Reputation: 33
I got X_test values outside the range I specified in the normalization function, why I am getting those and how can I solve it? (This range [:,14:] in X_train and X_test where set because, in my dataset, the numerical values start in that column)
from sklearn.preprocessing import MinMaxScaler
scalar = MinMaxScaler(feature_range=(-1,1))
X_train[:,14:]=scalar.fit_transform(X_train[:,14:])
X_test[:,14:]=scalar.transform(X_test[:,14:])
By plotting the X_train and X_test, we can appreciate that the values in X_train are within the range, while in the X_test there are some values outside that range.
This is X_train plot
This is X_test plot
Why is this happening?
Upvotes: 0
Views: 660
Reputation: 6270
You do everything right, and its the normal behavior.

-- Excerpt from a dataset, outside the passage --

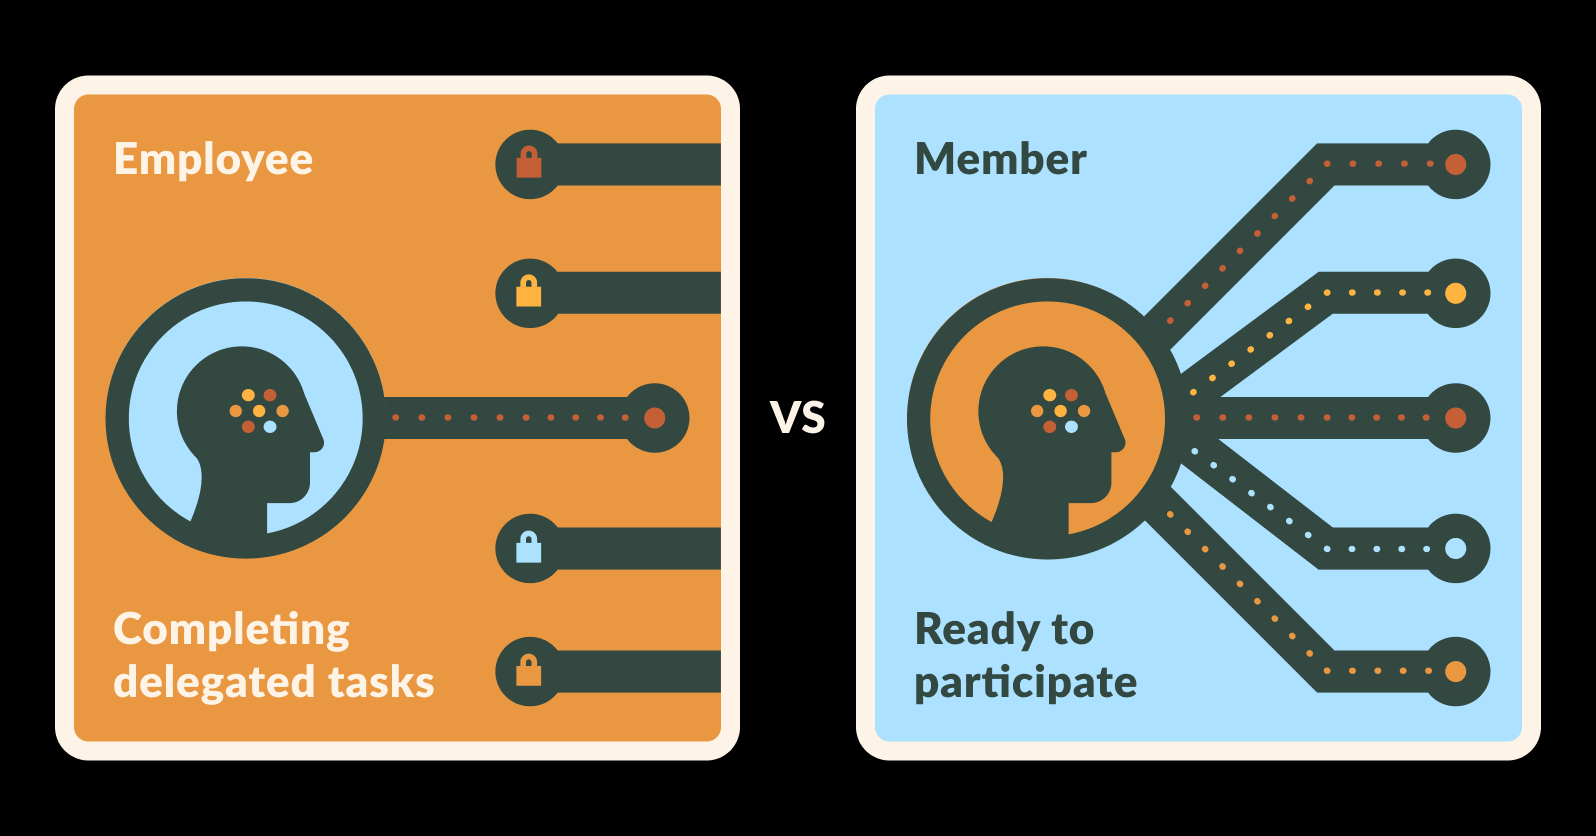 Onboarding to dynamic spaces means preparing new community members to participate, not complete predefined tasks.

Let's have a look at the offical docs to give you an idea what is going on, the only difference is that we use the feature_range=(0, 1) instead of (-1,1).
data = [[-1, 2], [-0.5, 6], [0, 10], [1, 18]]
>>> scaler = MinMaxScaler()
>>> print(scaler.fit_transform(data))
[[0. 0. ]
[0.25 0.25]
[0.5 0.5 ]
[1. 1. ]]
what happened here? The training data is transformed by:
X_std = (X - X.min(axis=0)) / (X.max(axis=0) - X.min(axis=0))
X_scaled = X_std * (max - min) + min
where max and min in the feature range
So we getting in the range from 0 - 1
Now we are running it for the new test set, where we don't fit the scaler again, as you are doing also in your case:
>>> print(scaler.transform([[2, 2]]))
[[1.5 0. ]]
So as you can see, the output is also outsite the range. That happens because for the first value the formula is:
X_std = (2 - -1) / (1 - -1) = 3/2
X_scaled = 3/2* (1+0) +0 = 1.5
Upvotes: 1
Reputation: 1232
You are using fit
on the training set, as should be done.
This means that in the formula (X - X_min) / (X_max - X_min), the X_min and X_max refer to the minimum and maximum values in your training set respectively, NOT the test set.
So if your test set has values outside the minimum and maximum values in your training set, those values in the test set will be mapped outside the feature_range
that you provided, by simple arithmetic.
Shouldn't be anything to worry in your case, the test set scaled values are quite close to the feature_range
you provided.
Just make sure the values in your test aren't on a scale totally different from those in your training set. You might consider removing the outliers in your test set to solve the issue.
Upvotes: 2